CHICAGO — On Wednesday, May 4, the 50th anniversary of the Freedom Rides, “The Oprah Winfrey Show” honored the brave and determined group of 436 Americans — men and women, Black and White — who joined together in a peaceful demonstration against racial injustice and segregation and risked their lives to change a nation forever.
Winfrey also reminded viewers to watch a special documentary on PBS on May 16, marking the 50th anniversary of the Freedom Rides during the summer of 1961.
In a powerful and historic hour, Oprah welcomed 178 surviving members — including Rep. John Lewis, Rev. C.T. Vivian and Atlanta businessman Hank Thomas — of the Freedom Rides in one of the largest gatherings of riders since 1961.
Said Winfrey, “As an African-American woman born in Mississippi in 1954 and raised in the south, I owe a deep debt of gratitude to the Freedom Riders, as do we all. I know my life would be different were it not for them.”
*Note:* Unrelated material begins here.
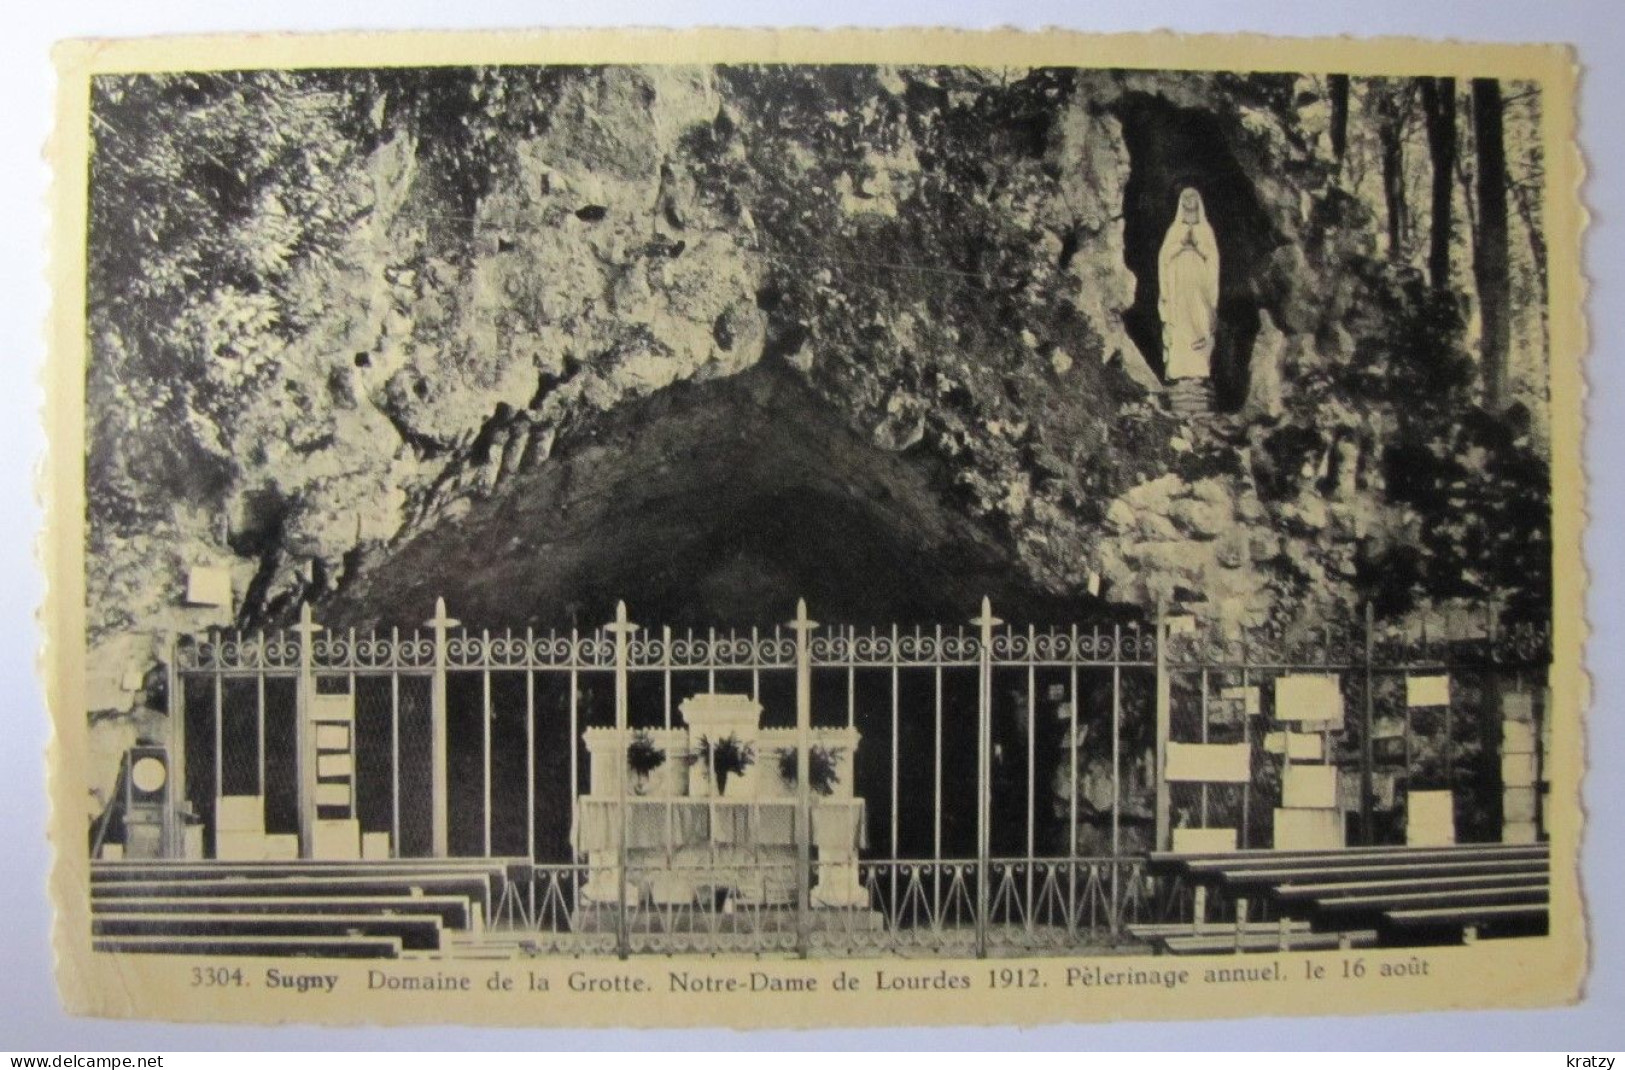 BELGIQUE - NAMUR - VRESSE-SUR-SEMOIS - SUGNY - Domaine De La Grotte De Notre-Dame De Lourdes - 1957 - Vresse-sur-Semois

During the episode, Congressman Lewis sat with Elwin Wilson, the man who brutally beat him in South Carolina while he attempted to enter a “Whites Only” waiting room at a bus station. Joining Lewis were other Freedom Riders, who were among the 300 who were jailed at Mississippi’s State Penitentiary (Parchman Farm) to help overthrow segregation, sharing their personal recollections.
Also, Janie Forsyth McKinney, who was just a 12-year-old girl when she braved an angry mob to help the Freedom Riders, recounts the harrowing story of the bus that was set ablaze in front of her father’s grocery store. Hank Thomas called her “an angel” in the midst of all that hate.
Plus, U.S. Attorney General Robert F. Kennedy’s then assistant, John Seigenthaler, talks about the beating he received while he tried to protect protesters.
Winfrey added, “On behalf of all of America, may I say you make us proud to call ourselves American. … We stand in reverence for what you have done…as we look at the courage that you all showed at such a young age.”